• WHAT IS REQUIRED
Note the line containing "Kupferplatte 'Die Vier"; from it through the last line below, give only those lines again, exactly, both ends included, skipping pictures.

• INFORMATION PROVIDED

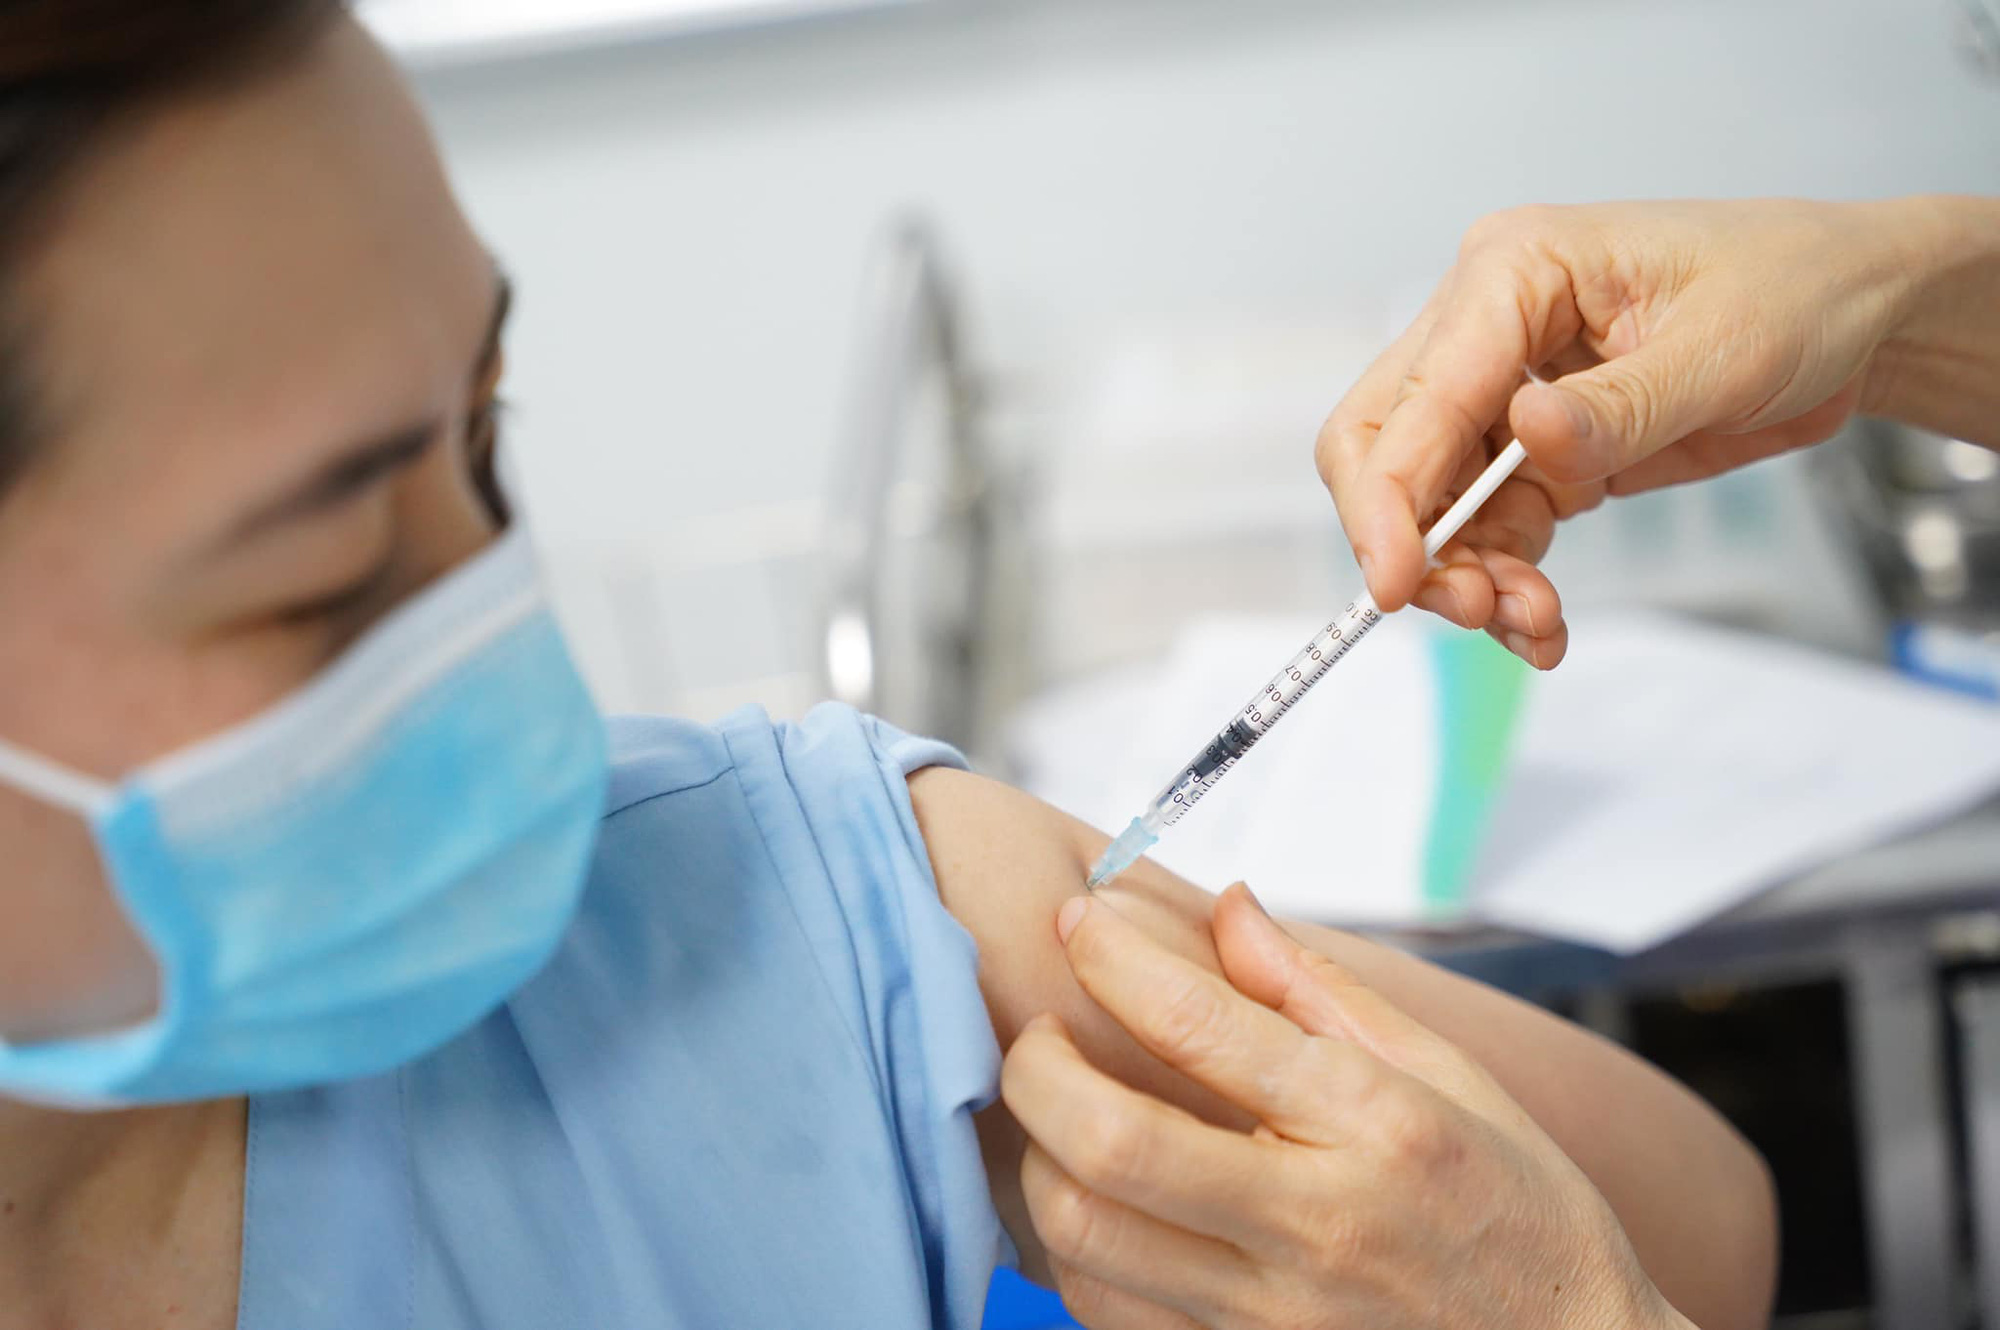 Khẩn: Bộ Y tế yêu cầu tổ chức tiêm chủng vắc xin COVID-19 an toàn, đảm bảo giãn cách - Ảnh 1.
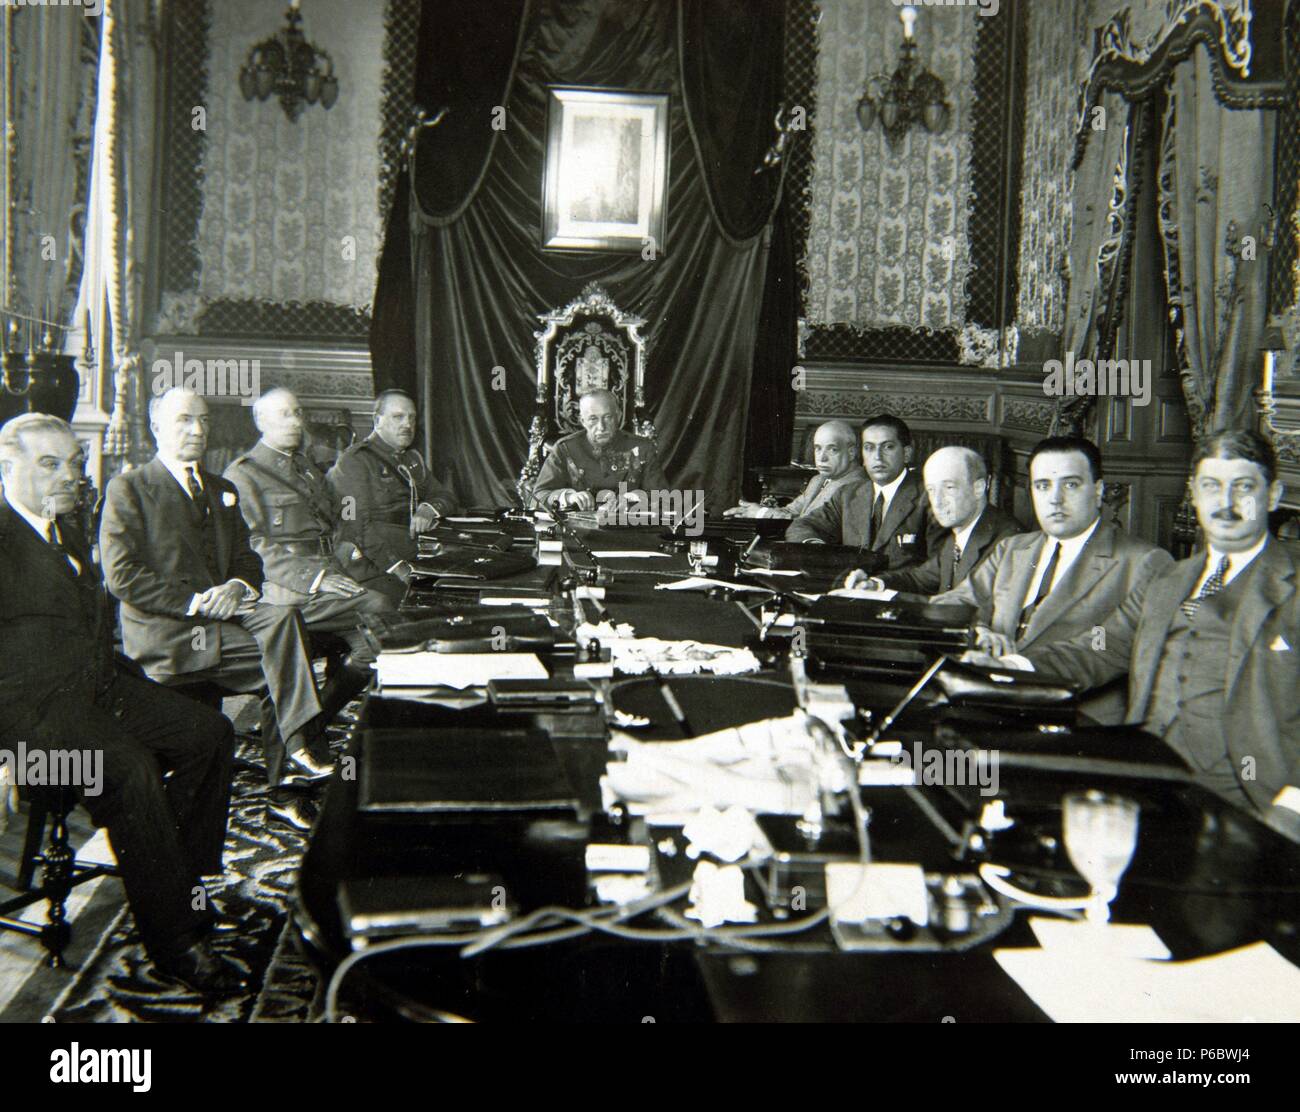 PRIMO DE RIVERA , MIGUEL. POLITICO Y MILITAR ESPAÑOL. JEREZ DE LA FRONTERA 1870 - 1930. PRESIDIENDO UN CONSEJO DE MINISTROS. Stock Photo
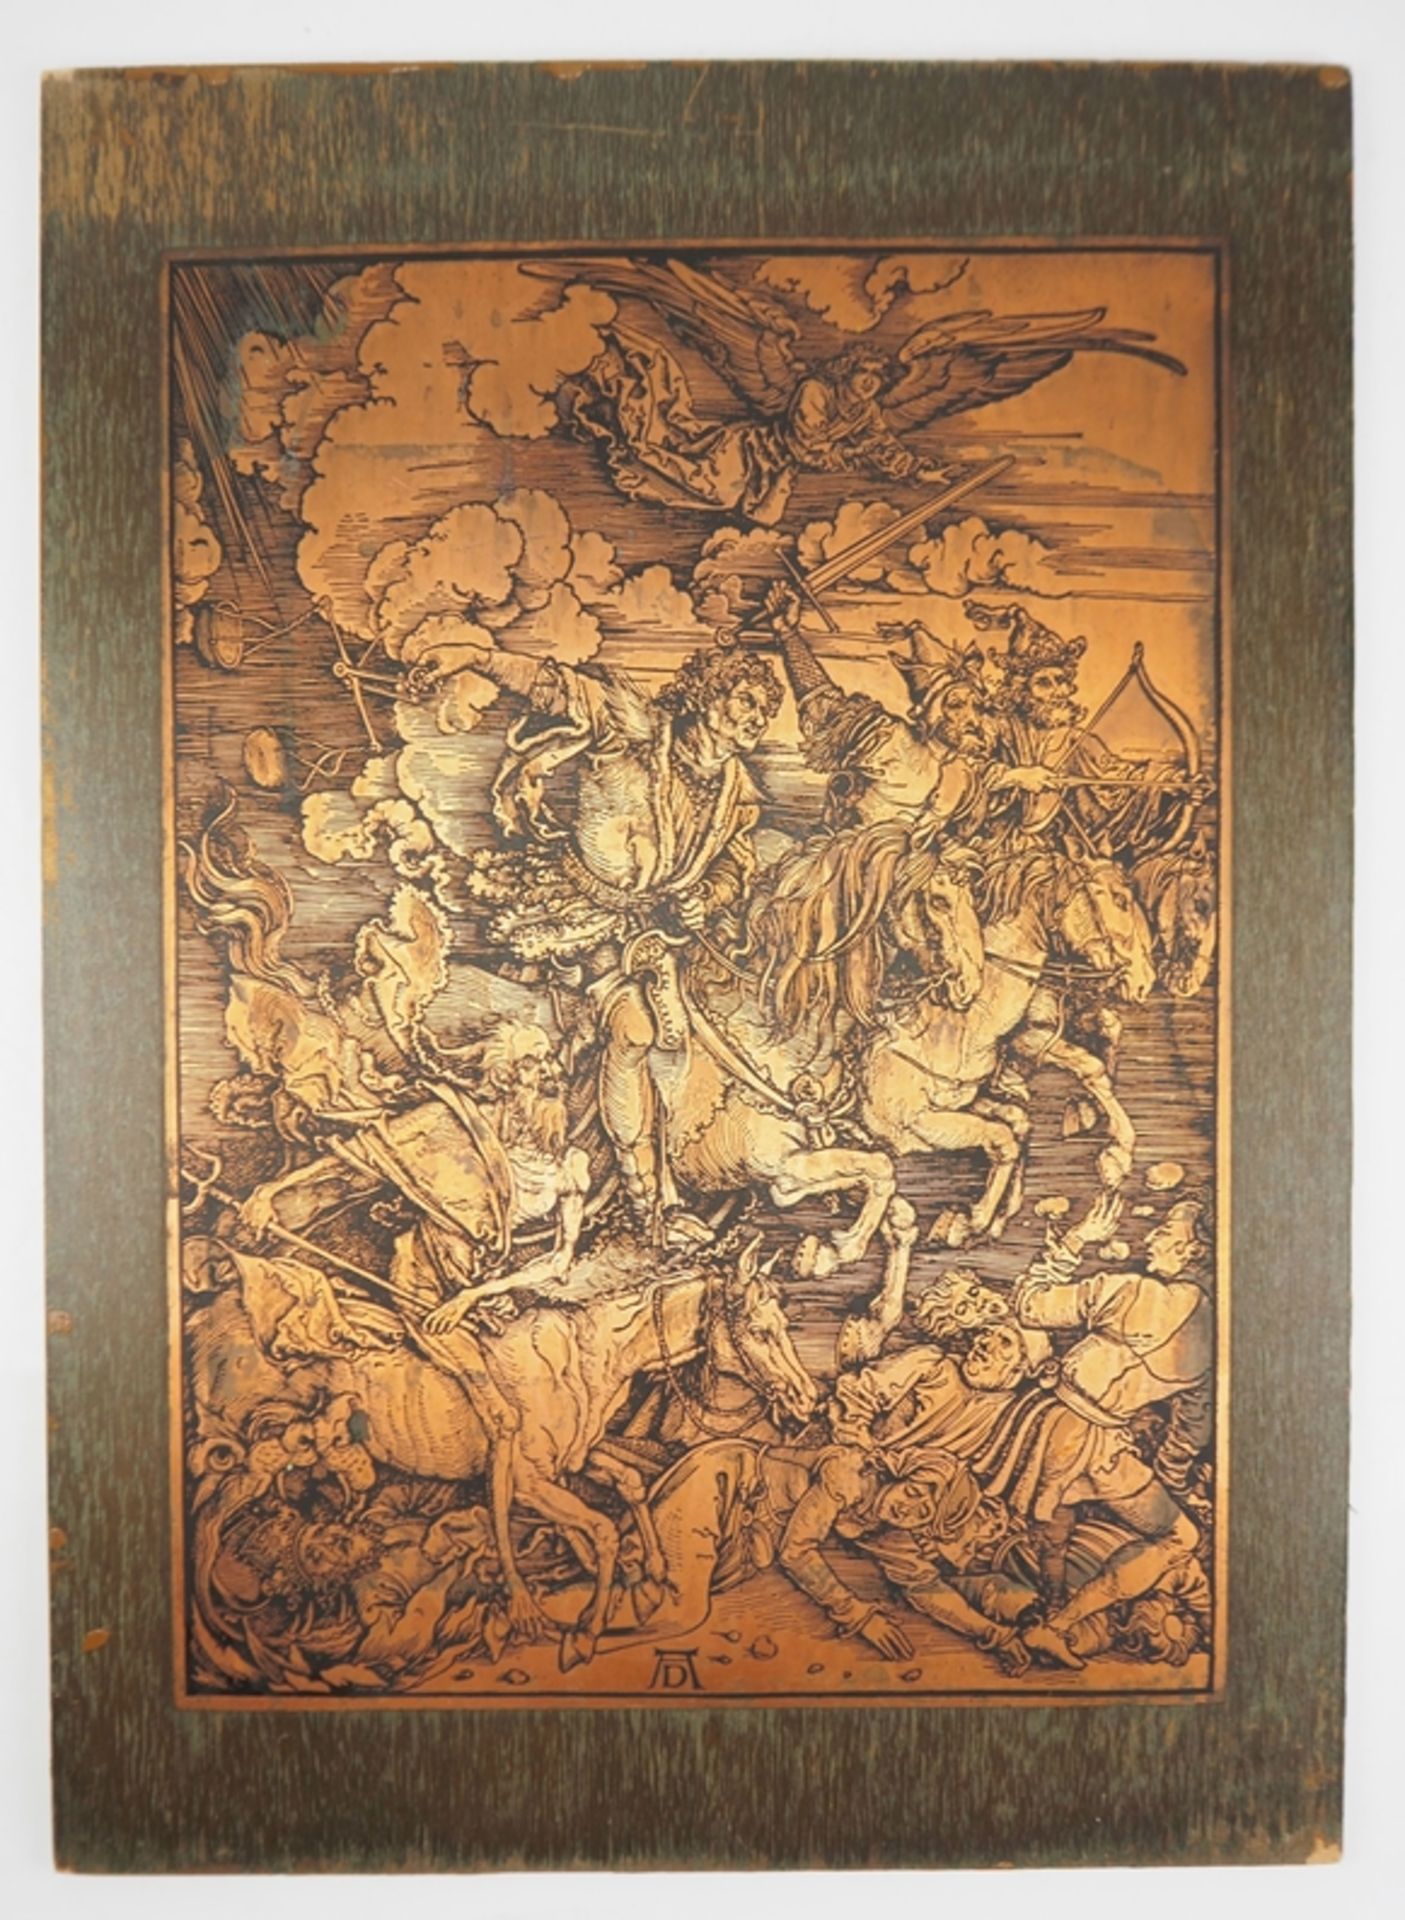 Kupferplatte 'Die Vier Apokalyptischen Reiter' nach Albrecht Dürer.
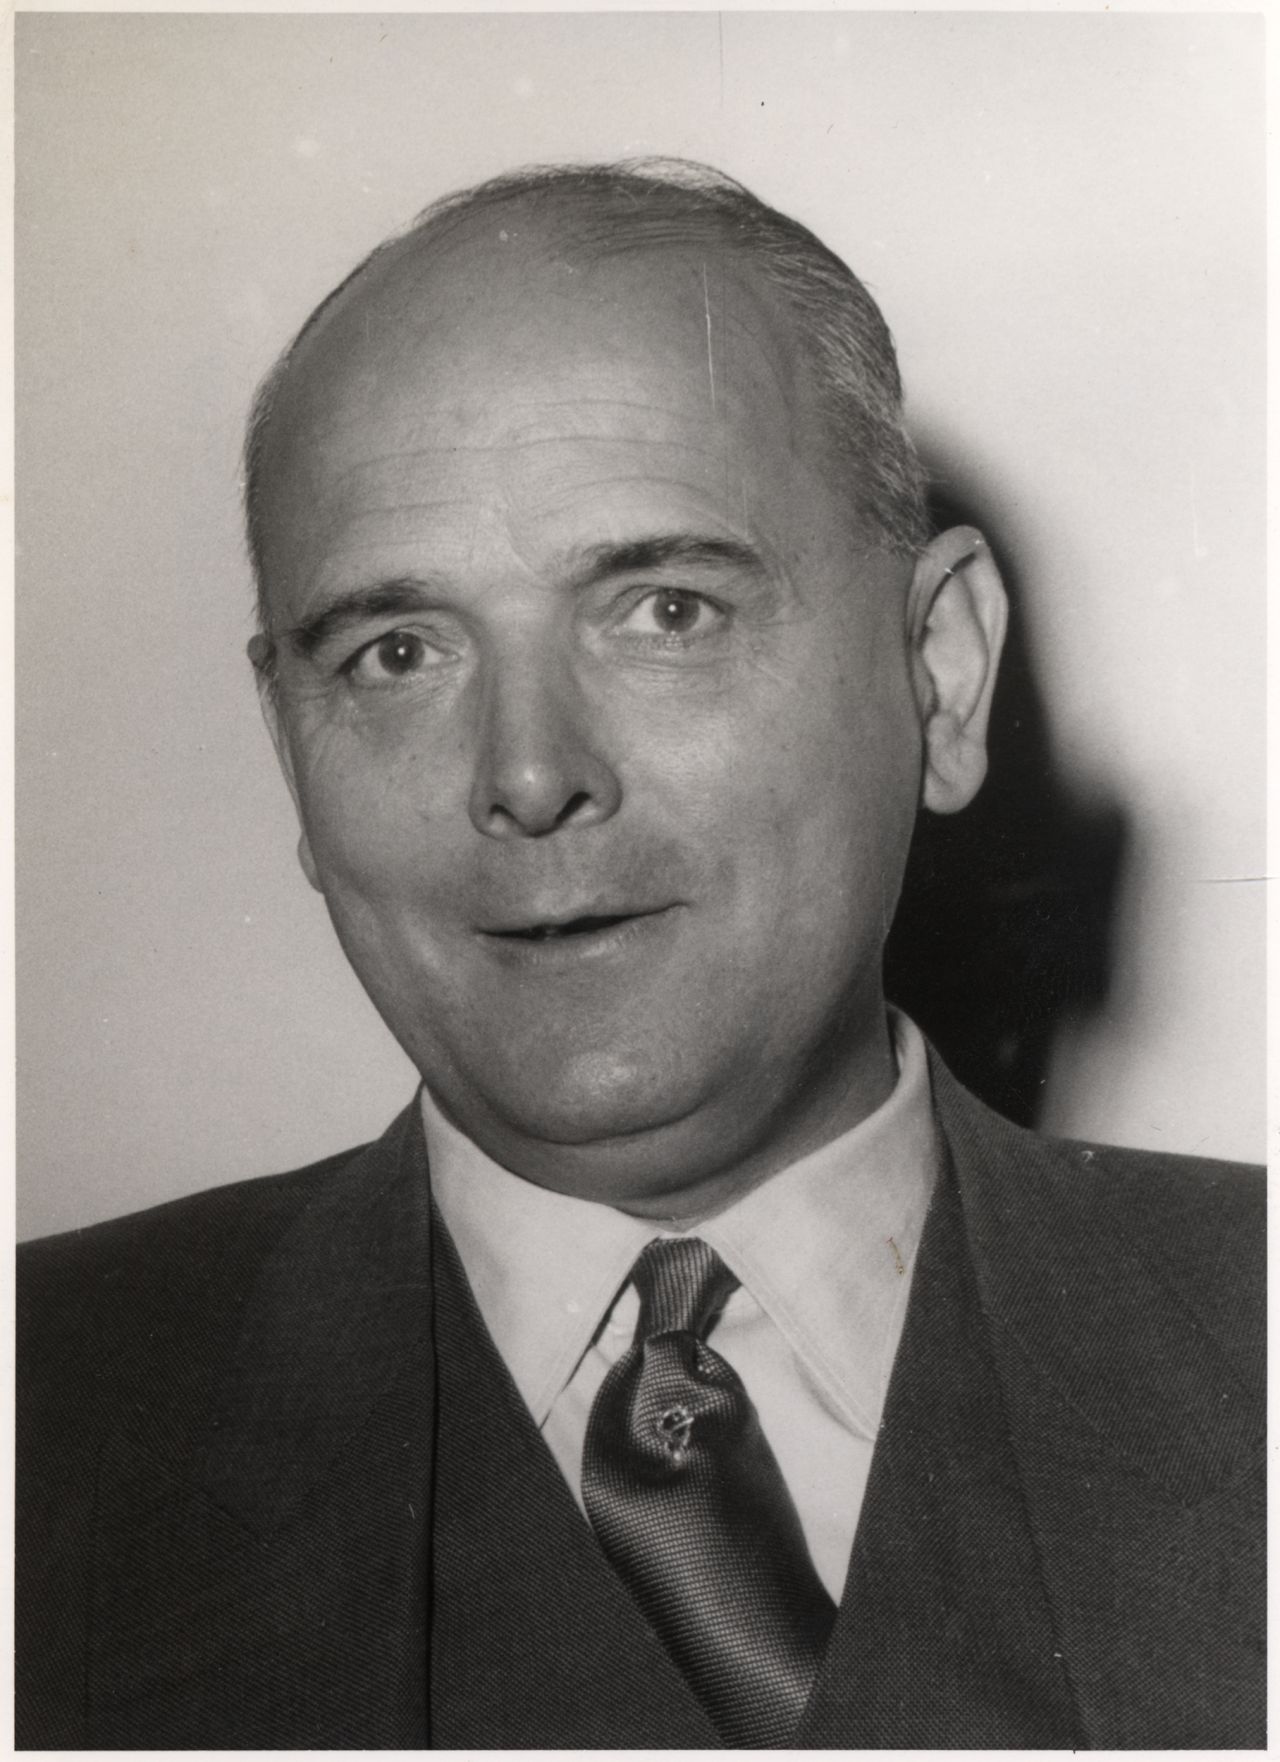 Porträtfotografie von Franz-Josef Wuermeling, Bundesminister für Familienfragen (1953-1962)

• RESPONSE AREA
 Kupferplatte 'Die Vier Apokalyptischen Reiter' nach Albrecht Dürer.
 Porträtfotografie von Franz-Josef Wuermeling, Bundesminister für Familienfragen (1953-1962)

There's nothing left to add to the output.